雷大姑娘的手在他胸前畫啊畫,唇邊綴了笑意:「我不要簪子,我要你妻子的位置。」
這話一出,賀過燕便冷了臉:「痴人說夢。」
「方才,你喝的茶水裡,是有毒的。」歡愉過後,雷大姑娘的聲音嬌滴滴的,「你若想活命,便乖乖地娶了我。」
常在河邊走,哪有不濕鞋。
賀過燕又驚又怒,狠了勁,甩了雷大姑娘一個巴掌:「賤人!」他急急地摳著自己的喉嚨,欲嘔出來。

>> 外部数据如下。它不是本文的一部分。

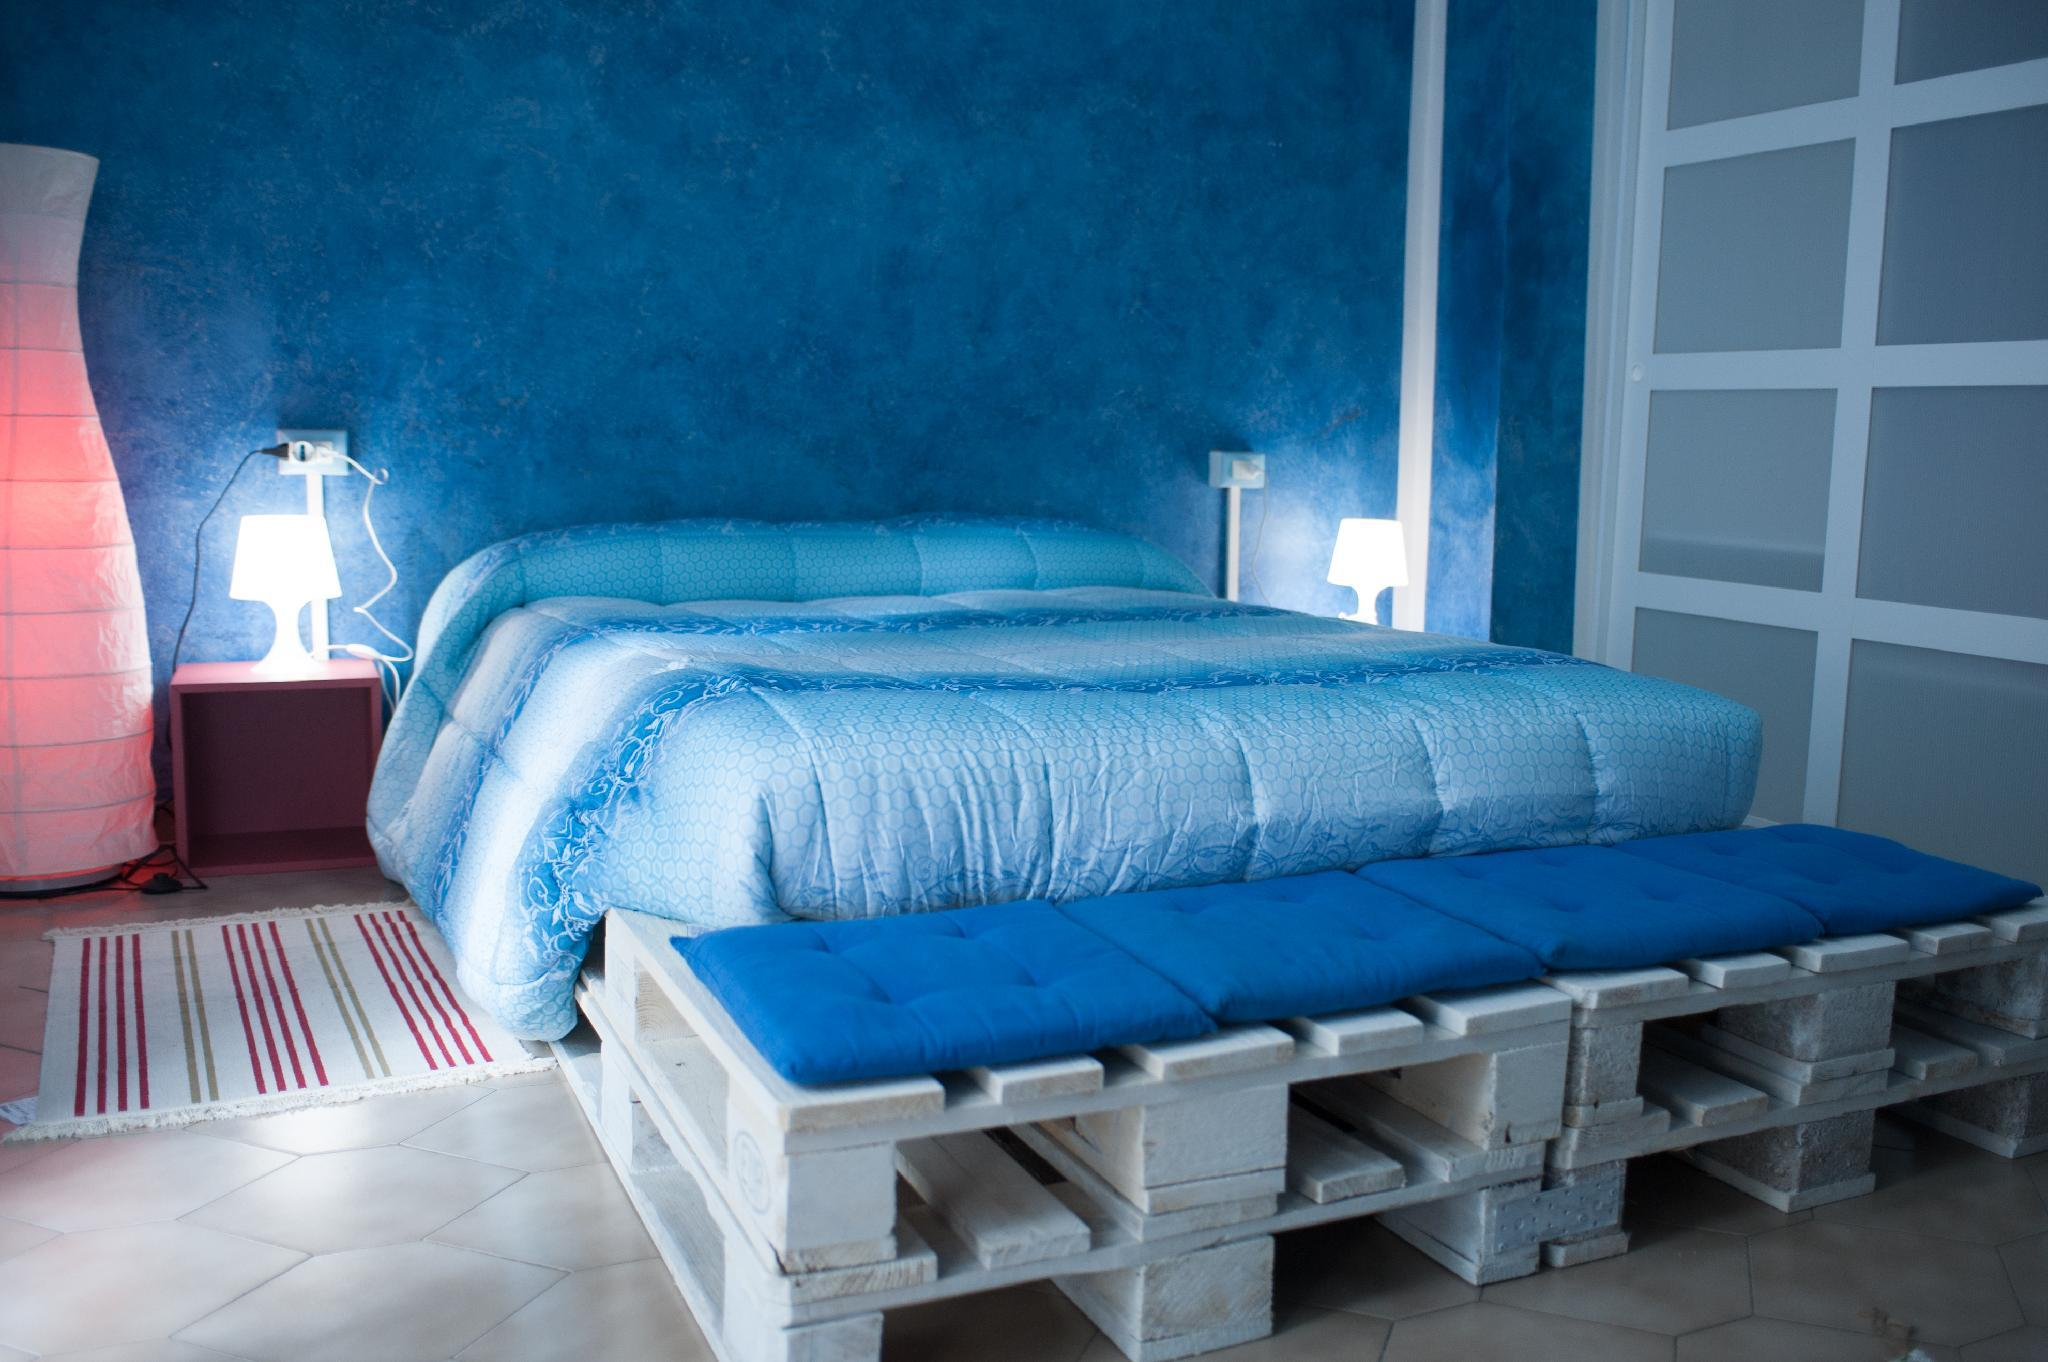 BandB Casa Tua. Original Rooms Await.....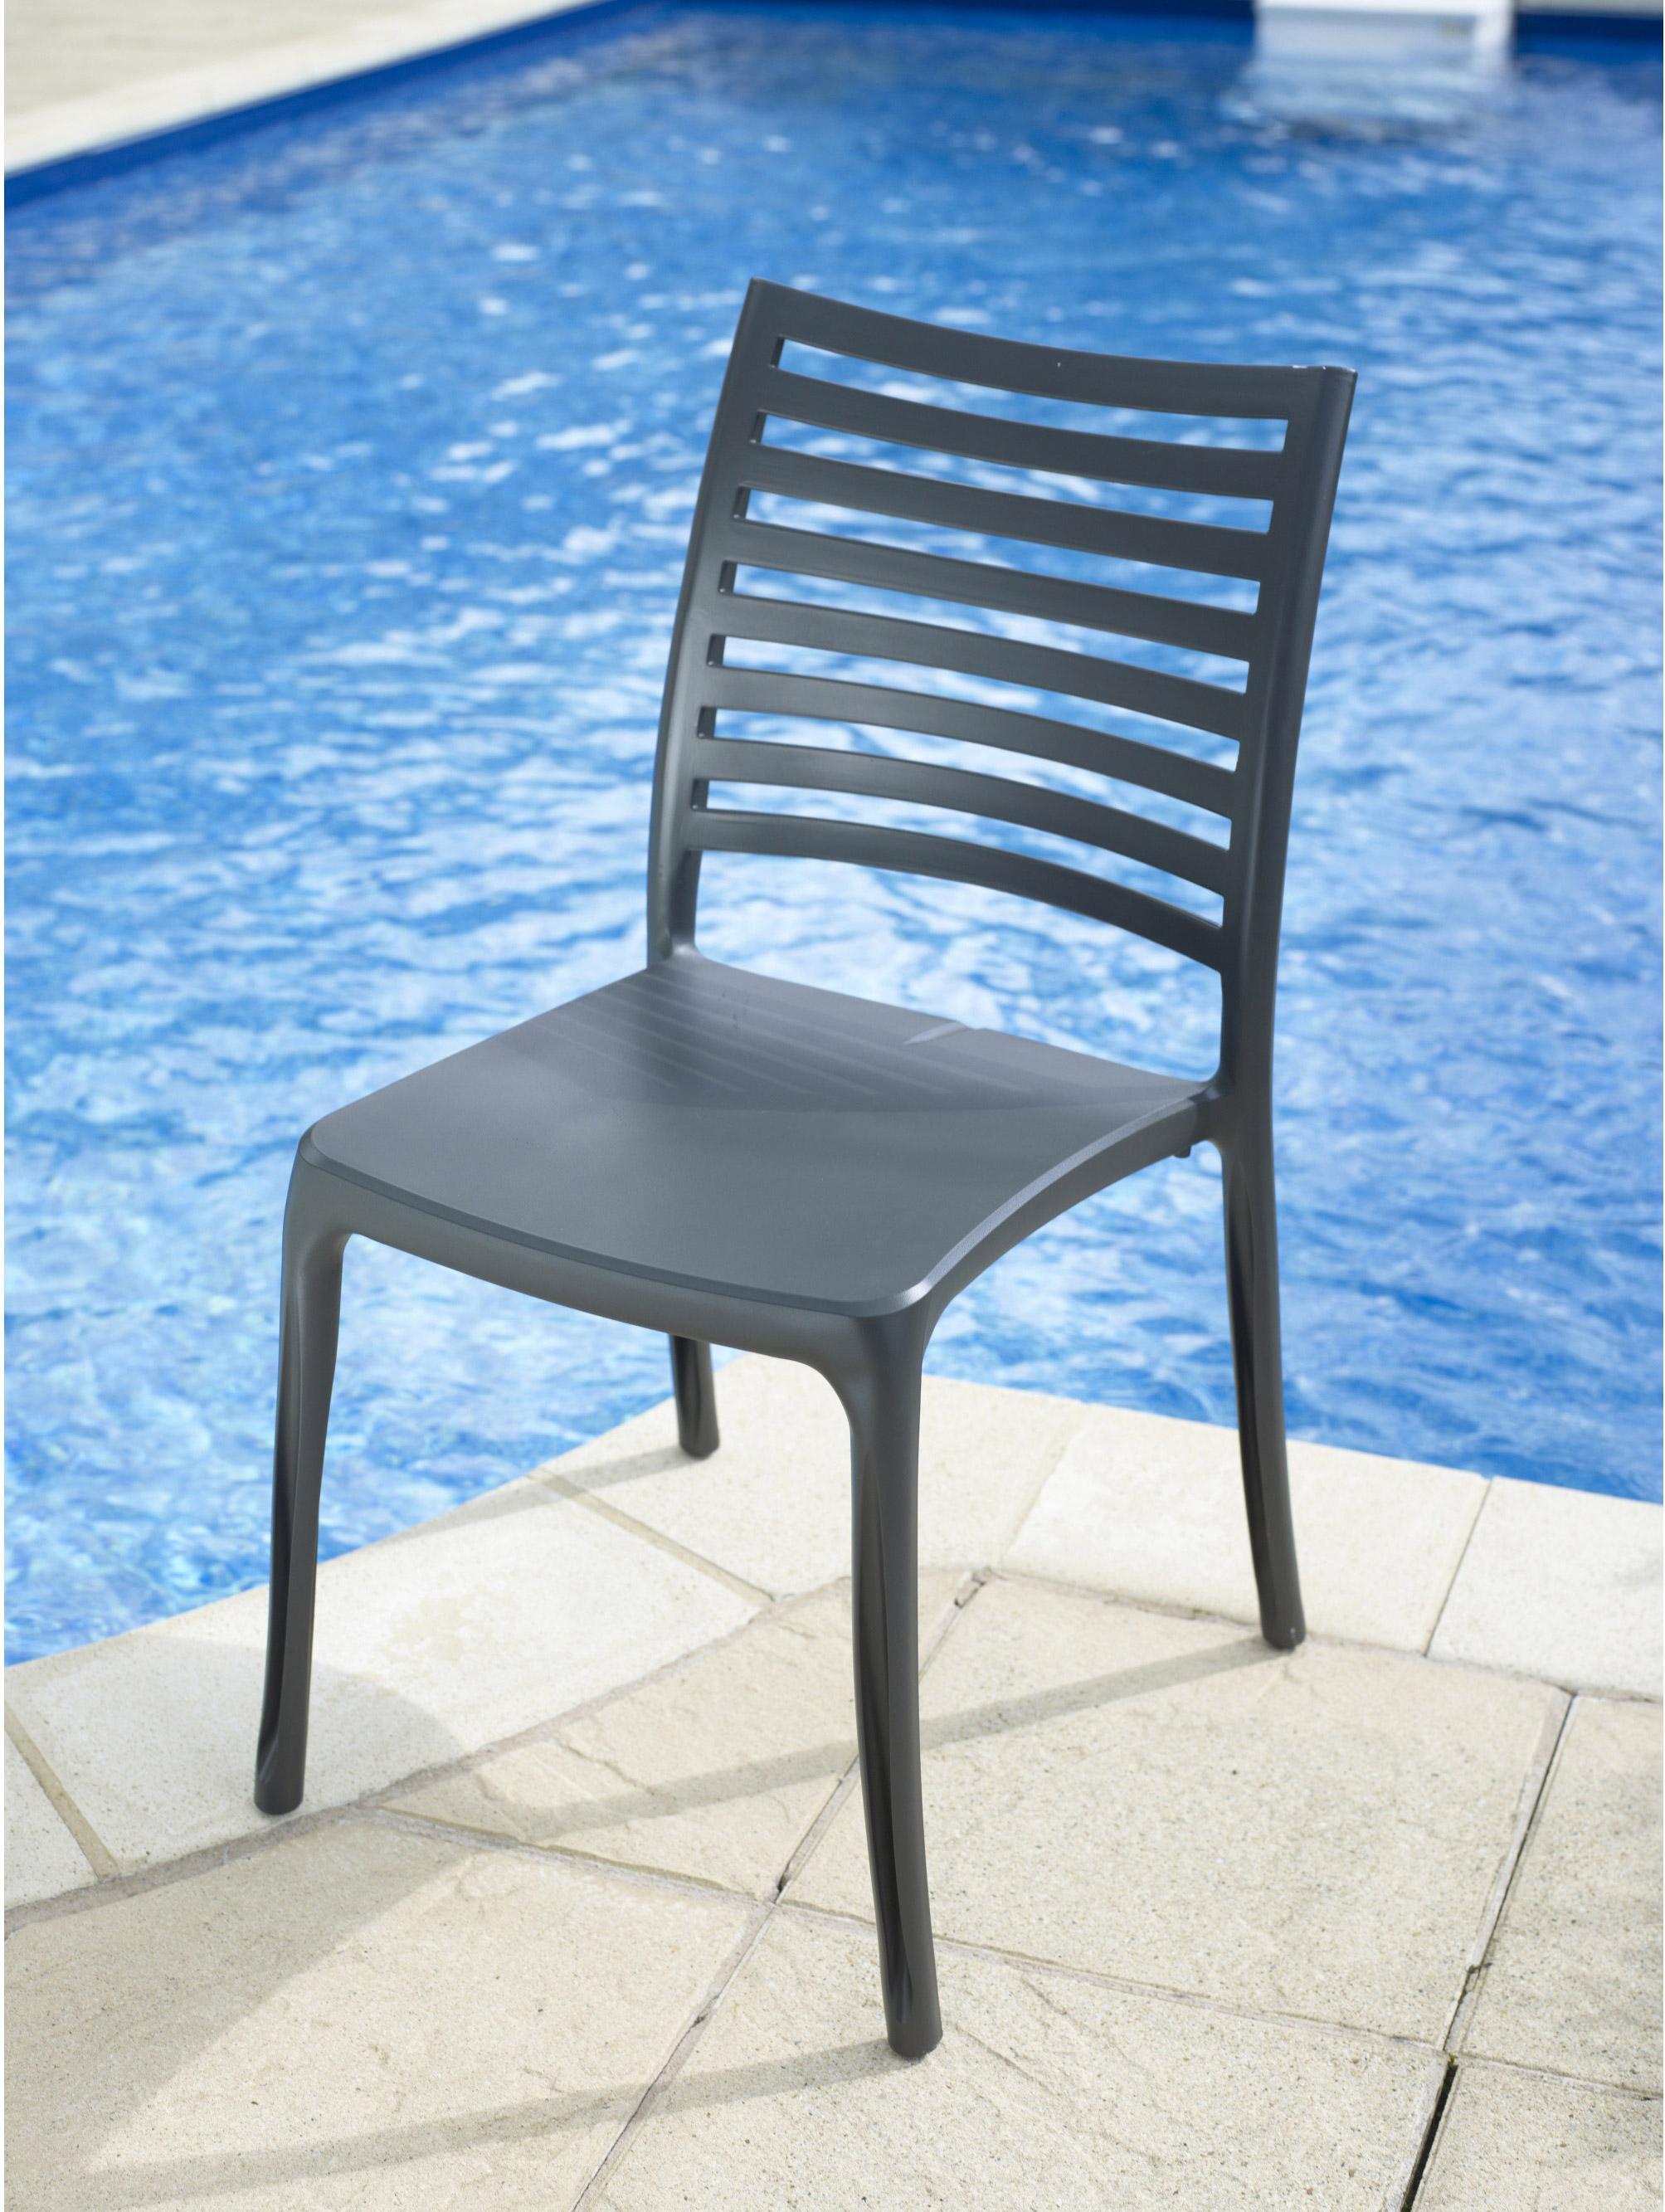 Chaise de jardin en r sine sunday anthracite leroy merlin - Chaise de jardin en resine ...

雷大姑娘也不懼,撫著臉,笑道:「這藥,聽說是你們京城裡那些紈絝子弟最常用的一寸春。」
一寸春,一寸春,她一個鄉土賤人,哪裡曉得一寸春!賀過燕又驚又懼,知曉自己終是被人算計了。
他狠力一踢,將雷大姑娘踢下床去:「給我滾!」
雷大姑娘爬起來,撫了撫被賀過燕踢到的地方,冷然笑了笑,不再說話,兀自披了衣衫開門出去了。
卻說半個時辰前,聽風樓里,雷大姑娘咬牙與雷春低聲道:「你今日胡說些什麼?我哪懷了身孕?」
雷春不以為意地望著候在不遠處的如水,眸里蒙上一層說不清道不明的味道:「既沒有,你便不會真的揣上一個?」
雷大姑娘又氣又惱:「你胡扯些什麼?」
雷春的聲音中帶著一股冷意:「你以為別人不省得,你與那賀過燕,整日眉來眼去的。」
雷大姑娘被自己的弟弟戳穿了心思,一時說不出話來。
「既那條路不通,便從第二條路走。」少年的臉上,染了涼薄的神色。
他從懷裡掏出一個藥瓶來,遞給雷大姑娘:「以後,是榮華富貴或是貧寒,看你自己了。」
雷大姑娘看那藥瓶,只見上頭貼著一個標籤「一寸春」。
雷大姑娘出去之後,如水款款走進來,看著雷春道:「春哥哥,你可要歇息了?」
雷春拉著她的手,眉眼間俱是溫暖的笑意:「不急,我教你再練幾個字。」
少年纖長的手指,握著少女細白的手,一筆一划,在潔白的紙上寫下:「總然你富才華,高名分,誰不愛翠袖紅裙。」(1)
每寫一字,少年便柔聲在少女耳邊解釋著,到最後一個字落下,少女的粉腮,已然像天邊的彩霞,紅了半邊。
最後,少年靜靜地攏著少女單薄的身子,在她柔嫩的耳邊道:「從此以後,哥哥的心中只有你。」
少女眼神迷濛,喃喃道:「以後,我都聽春哥哥的。」
夜又長又濃,掩蓋了多少罪惡,又藏了多少人的悲傷。
用晚膳時,詠雪候在一旁,已經神思恍惚,不知所以了。她的雙眼仍舊腫著,儘管唇上掛著一絲微笑,卻是讓人看了越發的唏噓。
蘇雲落嘆了一聲,但沒說什麼。
待到了快歇下的時候,她才道:「今晚你便不要去耳房了,在暖榻上歇著罷。我腳踝還有些疼,怕晚上起夜不方便。」
詠雪愣了一下,才想起這是娘子的好心。娘子是怕她傷心過度,做些什麼不好的事情來罷。
她與蘇雲落笑了一笑:「娘子,我無事,你勿要擔憂。」
蘇雲落看著她,柔聲道:「我相信你。」
但待真正躺下的時候,她的淚水又忍不住涌了出來。但怕驚擾到娘子,到底是沒敢哭出聲來,只默默地擦著不斷湧出的淚水。伯年哥,太可憐了!她想起今日見到伯年哥死不瞑目的慘狀時,心中又是一陣顫抖。哭著哭著,她忽而想到,到底是何事,讓伯年哥尋了見短!少女擦乾淚水,腦子開始細細理起來。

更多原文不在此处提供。